Exercise description:
Exactly reproduce each entry, leaving out nothing.

Records:
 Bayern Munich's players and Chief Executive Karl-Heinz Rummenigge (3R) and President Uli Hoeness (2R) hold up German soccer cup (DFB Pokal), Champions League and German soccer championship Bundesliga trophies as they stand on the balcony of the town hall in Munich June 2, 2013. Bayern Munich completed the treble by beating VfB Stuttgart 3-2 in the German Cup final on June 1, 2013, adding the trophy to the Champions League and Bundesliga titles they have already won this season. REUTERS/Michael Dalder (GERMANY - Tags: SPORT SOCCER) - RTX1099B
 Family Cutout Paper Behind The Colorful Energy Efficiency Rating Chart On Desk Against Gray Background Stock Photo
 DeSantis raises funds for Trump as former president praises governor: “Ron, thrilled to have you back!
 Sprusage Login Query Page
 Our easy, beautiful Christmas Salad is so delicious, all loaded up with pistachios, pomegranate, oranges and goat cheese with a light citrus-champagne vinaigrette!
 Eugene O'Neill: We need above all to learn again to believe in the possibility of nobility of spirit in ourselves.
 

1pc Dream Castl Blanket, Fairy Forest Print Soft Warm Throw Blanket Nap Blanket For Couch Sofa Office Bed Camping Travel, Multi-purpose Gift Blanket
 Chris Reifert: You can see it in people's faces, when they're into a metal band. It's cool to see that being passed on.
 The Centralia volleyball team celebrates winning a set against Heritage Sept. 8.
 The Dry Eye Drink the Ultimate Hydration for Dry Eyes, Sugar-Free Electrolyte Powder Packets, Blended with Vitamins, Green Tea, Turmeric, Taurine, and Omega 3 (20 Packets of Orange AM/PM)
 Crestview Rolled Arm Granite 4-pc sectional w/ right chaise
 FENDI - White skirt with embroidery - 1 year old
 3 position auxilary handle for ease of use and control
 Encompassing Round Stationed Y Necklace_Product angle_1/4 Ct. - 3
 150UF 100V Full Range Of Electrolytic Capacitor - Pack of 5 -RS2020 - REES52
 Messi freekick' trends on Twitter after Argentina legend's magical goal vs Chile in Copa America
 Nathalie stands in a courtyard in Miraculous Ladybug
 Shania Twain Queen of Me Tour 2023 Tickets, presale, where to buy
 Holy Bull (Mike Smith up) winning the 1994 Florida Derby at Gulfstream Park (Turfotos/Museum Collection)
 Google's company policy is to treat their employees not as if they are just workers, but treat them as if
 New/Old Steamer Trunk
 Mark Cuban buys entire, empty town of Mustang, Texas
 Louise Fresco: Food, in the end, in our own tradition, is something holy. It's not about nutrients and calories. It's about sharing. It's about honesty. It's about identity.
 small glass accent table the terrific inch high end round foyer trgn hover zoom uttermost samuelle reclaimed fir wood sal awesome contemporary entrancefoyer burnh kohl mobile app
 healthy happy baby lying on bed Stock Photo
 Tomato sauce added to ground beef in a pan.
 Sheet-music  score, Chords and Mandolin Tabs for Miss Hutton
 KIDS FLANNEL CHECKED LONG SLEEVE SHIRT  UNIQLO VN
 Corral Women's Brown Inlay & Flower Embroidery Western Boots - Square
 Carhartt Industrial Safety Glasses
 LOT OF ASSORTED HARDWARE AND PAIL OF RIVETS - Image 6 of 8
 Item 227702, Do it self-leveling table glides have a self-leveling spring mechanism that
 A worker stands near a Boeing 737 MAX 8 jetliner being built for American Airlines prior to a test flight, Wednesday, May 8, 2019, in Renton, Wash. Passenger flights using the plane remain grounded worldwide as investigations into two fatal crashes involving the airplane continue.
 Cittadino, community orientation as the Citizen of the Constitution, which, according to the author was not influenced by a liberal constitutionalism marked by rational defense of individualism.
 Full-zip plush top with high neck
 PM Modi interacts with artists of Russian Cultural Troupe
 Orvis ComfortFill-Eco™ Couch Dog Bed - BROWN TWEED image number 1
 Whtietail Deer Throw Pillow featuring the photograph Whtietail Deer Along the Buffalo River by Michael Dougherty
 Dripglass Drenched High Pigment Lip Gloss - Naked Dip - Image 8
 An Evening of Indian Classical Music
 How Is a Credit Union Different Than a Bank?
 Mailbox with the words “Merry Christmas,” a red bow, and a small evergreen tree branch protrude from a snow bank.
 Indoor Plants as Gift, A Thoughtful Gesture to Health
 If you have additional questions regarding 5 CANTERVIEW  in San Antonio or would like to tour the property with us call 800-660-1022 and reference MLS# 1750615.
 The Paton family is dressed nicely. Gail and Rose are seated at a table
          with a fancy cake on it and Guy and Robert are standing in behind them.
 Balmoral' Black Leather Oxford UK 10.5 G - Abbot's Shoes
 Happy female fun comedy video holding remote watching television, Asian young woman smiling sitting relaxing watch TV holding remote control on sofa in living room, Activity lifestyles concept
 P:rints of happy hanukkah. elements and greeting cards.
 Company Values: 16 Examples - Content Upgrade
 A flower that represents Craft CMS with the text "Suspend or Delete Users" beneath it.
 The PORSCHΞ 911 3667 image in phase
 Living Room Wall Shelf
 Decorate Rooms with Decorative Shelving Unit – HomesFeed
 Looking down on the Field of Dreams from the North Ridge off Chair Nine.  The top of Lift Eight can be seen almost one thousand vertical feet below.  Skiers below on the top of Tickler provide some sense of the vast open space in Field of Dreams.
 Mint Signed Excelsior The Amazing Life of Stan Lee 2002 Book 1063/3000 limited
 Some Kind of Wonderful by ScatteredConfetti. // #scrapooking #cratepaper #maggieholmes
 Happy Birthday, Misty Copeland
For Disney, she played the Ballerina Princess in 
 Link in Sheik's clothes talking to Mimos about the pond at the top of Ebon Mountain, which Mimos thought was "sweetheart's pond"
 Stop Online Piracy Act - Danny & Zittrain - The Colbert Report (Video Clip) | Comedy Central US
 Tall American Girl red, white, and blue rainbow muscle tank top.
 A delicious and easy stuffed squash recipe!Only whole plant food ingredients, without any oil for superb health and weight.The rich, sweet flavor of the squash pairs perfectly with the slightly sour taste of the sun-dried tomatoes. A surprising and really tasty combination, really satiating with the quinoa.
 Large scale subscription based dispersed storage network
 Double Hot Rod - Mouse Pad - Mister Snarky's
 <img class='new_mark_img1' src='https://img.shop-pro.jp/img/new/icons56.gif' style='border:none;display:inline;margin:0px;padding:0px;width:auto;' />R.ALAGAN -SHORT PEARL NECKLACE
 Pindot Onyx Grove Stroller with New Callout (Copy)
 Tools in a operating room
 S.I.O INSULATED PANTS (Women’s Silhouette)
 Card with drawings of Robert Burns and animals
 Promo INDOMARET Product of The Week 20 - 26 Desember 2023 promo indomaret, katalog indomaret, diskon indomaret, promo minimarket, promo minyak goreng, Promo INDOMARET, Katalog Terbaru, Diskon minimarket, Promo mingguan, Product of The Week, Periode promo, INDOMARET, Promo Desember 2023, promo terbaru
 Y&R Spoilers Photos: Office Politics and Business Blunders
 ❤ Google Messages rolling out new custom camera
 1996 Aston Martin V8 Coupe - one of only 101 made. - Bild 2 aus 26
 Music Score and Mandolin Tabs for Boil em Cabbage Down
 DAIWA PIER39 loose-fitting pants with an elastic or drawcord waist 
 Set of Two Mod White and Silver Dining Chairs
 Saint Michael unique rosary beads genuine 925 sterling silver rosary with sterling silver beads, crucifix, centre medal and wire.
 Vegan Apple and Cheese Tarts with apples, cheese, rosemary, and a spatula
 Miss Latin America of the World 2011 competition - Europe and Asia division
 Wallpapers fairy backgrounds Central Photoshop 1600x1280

Solution to this problem:
 Bayern Munich's players and Chief Executive Karl-Heinz Rummenigge (3R) and President Uli Hoeness (2R) hold up German soccer cup (DFB Pokal), Champions League and German soccer championship Bundesliga trophies as they stand on the balcony of the town hall in Munich June 2, 2013. Bayern Munich completed the treble by beating VfB Stuttgart 3-2 in the German Cup final on June 1, 2013, adding the trophy to the Champions League and Bundesliga titles they have already won this season. REUTERS/Michael Dalder (GERMANY - Tags: SPORT SOCCER) - RTX1099B
 Family Cutout Paper Behind The Colorful Energy Efficiency Rating Chart On Desk Against Gray Background Stock Photo
 DeSantis raises funds for Trump as former president praises governor: “Ron, thrilled to have you back!
 Sprusage Login Query Page
 Our easy, beautiful Christmas Salad is so delicious, all loaded up with pistachios, pomegranate, oranges and goat cheese with a light citrus-champagne vinaigrette!
 Eugene O'Neill: We need above all to learn again to believe in the possibility of nobility of spirit in ourselves.
 

1pc Dream Castl Blanket, Fairy Forest Print Soft Warm Throw Blanket Nap Blanket For Couch Sofa Office Bed Camping Travel, Multi-purpose Gift Blanket
 Chris Reifert: You can see it in people's faces, when they're into a metal band. It's cool to see that being passed on.
 The Centralia volleyball team celebrates winning a set against Heritage Sept. 8.
 The Dry Eye Drink the Ultimate Hydration for Dry Eyes, Sugar-Free Electrolyte Powder Packets, Blended with Vitamins, Green Tea, Turmeric, Taurine, and Omega 3 (20 Packets of Orange AM/PM)
 Crestview Rolled Arm Granite 4-pc sectional w/ right chaise
 FENDI - White skirt with embroidery - 1 year old
 3 position auxilary handle for ease of use and control
 Encompassing Round Stationed Y Necklace_Product angle_1/4 Ct. - 3
 150UF 100V Full Range Of Electrolytic Capacitor - Pack of 5 -RS2020 - REES52
 Messi freekick' trends on Twitter after Argentina legend's magical goal vs Chile in Copa America
 Nathalie stands in a courtyard in Miraculous Ladybug
 Shania Twain Queen of Me Tour 2023 Tickets, presale, where to buy
 Holy Bull (Mike Smith up) winning the 1994 Florida Derby at Gulfstream Park (Turfotos/Museum Collection)
 Google's company policy is to treat their employees not as if they are just workers, but treat them as if
 New/Old Steamer Trunk
 Mark Cuban buys entire, empty town of Mustang, Texas
 Louise Fresco: Food, in the end, in our own tradition, is something holy. It's not about nutrients and calories. It's about sharing. It's about honesty. It's about identity.
 small glass accent table the terrific inch high end round foyer trgn hover zoom uttermost samuelle reclaimed fir wood sal awesome contemporary entrancefoyer burnh kohl mobile app
 healthy happy baby lying on bed Stock Photo
 Tomato sauce added to ground beef in a pan.
 Sheet-music  score, Chords and Mandolin Tabs for Miss Hutton
 KIDS FLANNEL CHECKED LONG SLEEVE SHIRT  UNIQLO VN
 Corral Women's Brown Inlay & Flower Embroidery Western Boots - Square
 Carhartt Industrial Safety Glasses
 LOT OF ASSORTED HARDWARE AND PAIL OF RIVETS - Image 6 of 8
 Item 227702, Do it self-leveling table glides have a self-leveling spring mechanism that
 A worker stands near a Boeing 737 MAX 8 jetliner being built for American Airlines prior to a test flight, Wednesday, May 8, 2019, in Renton, Wash. Passenger flights using the plane remain grounded worldwide as investigations into two fatal crashes involving the airplane continue.
 Cittadino, community orientation as the Citizen of the Constitution, which, according to the author was not influenced by a liberal constitutionalism marked by rational defense of individualism.
 Full-zip plush top with high neck
 PM Modi interacts with artists of Russian Cultural Troupe
 Orvis ComfortFill-Eco™ Couch Dog Bed - BROWN TWEED image number 1
 Whtietail Deer Throw Pillow featuring the photograph Whtietail Deer Along the Buffalo River by Michael Dougherty
 Dripglass Drenched High Pigment Lip Gloss - Naked Dip - Image 8
 An Evening of Indian Classical Music
 How Is a Credit Union Different Than a Bank?
 Mailbox with the words “Merry Christmas,” a red bow, and a small evergreen tree branch protrude from a snow bank.
 Indoor Plants as Gift, A Thoughtful Gesture to Health
 If you have additional questions regarding 5 CANTERVIEW  in San Antonio or would like to tour the property with us call 800-660-1022 and reference MLS# 1750615.
 The Paton family is dressed nicely. Gail and Rose are seated at a table
          with a fancy cake on it and Guy and Robert are standing in behind them.
 Balmoral' Black Leather Oxford UK 10.5 G - Abbot's Shoes
 Happy female fun comedy video holding remote watching television, Asian young woman smiling sitting relaxing watch TV holding remote control on sofa in living room, Activity lifestyles concept
 P:rints of happy hanukkah. elements and greeting cards.
 Company Values: 16 Examples - Content Upgrade
 A flower that represents Craft CMS with the text "Suspend or Delete Users" beneath it.
 The PORSCHΞ 911 3667 image in phase
 Living Room Wall Shelf
 Decorate Rooms with Decorative Shelving Unit – HomesFeed
 Looking down on the Field of Dreams from the North Ridge off Chair Nine.  The top of Lift Eight can be seen almost one thousand vertical feet below.  Skiers below on the top of Tickler provide some sense of the vast open space in Field of Dreams.
 Mint Signed Excelsior The Amazing Life of Stan Lee 2002 Book 1063/3000 limited
 Some Kind of Wonderful by ScatteredConfetti. // #scrapooking #cratepaper #maggieholmes
 Happy Birthday, Misty Copeland
For Disney, she played the Ballerina Princess in 
 Link in Sheik's clothes talking to Mimos about the pond at the top of Ebon Mountain, which Mimos thought was "sweetheart's pond"
 Stop Online Piracy Act - Danny & Zittrain - The Colbert Report (Video Clip) | Comedy Central US
 Tall American Girl red, white, and blue rainbow muscle tank top.
 A delicious and easy stuffed squash recipe!Only whole plant food ingredients, without any oil for superb health and weight.The rich, sweet flavor of the squash pairs perfectly with the slightly sour taste of the sun-dried tomatoes. A surprising and really tasty combination, really satiating with the quinoa.
 Large scale subscription based dispersed storage network
 Double Hot Rod - Mouse Pad - Mister Snarky's
 <img class='new_mark_img1' src='https://img.shop-pro.jp/img/new/icons56.gif' style='border:none;display:inline;margin:0px;padding:0px;width:auto;' />R.ALAGAN -SHORT PEARL NECKLACE
 Pindot Onyx Grove Stroller with New Callout (Copy)
 Tools in a operating room
 S.I.O INSULATED PANTS (Women’s Silhouette)
 Card with drawings of Robert Burns and animals
 Promo INDOMARET Product of The Week 20 - 26 Desember 2023 promo indomaret, katalog indomaret, diskon indomaret, promo minimarket, promo minyak goreng, Promo INDOMARET, Katalog Terbaru, Diskon minimarket, Promo mingguan, Product of The Week, Periode promo, INDOMARET, Promo Desember 2023, promo terbaru
 Y&R Spoilers Photos: Office Politics and Business Blunders
 ❤ Google Messages rolling out new custom camera
 1996 Aston Martin V8 Coupe - one of only 101 made. - Bild 2 aus 26
 Music Score and Mandolin Tabs for Boil em Cabbage Down
 DAIWA PIER39 loose-fitting pants with an elastic or drawcord waist 
 Set of Two Mod White and Silver Dining Chairs
 Saint Michael unique rosary beads genuine 925 sterling silver rosary with sterling silver beads, crucifix, centre medal and wire.
 Vegan Apple and Cheese Tarts with apples, cheese, rosemary, and a spatula
 Miss Latin America of the World 2011 competition - Europe and Asia division
 Wallpapers fairy backgrounds Central Photoshop 1600x1280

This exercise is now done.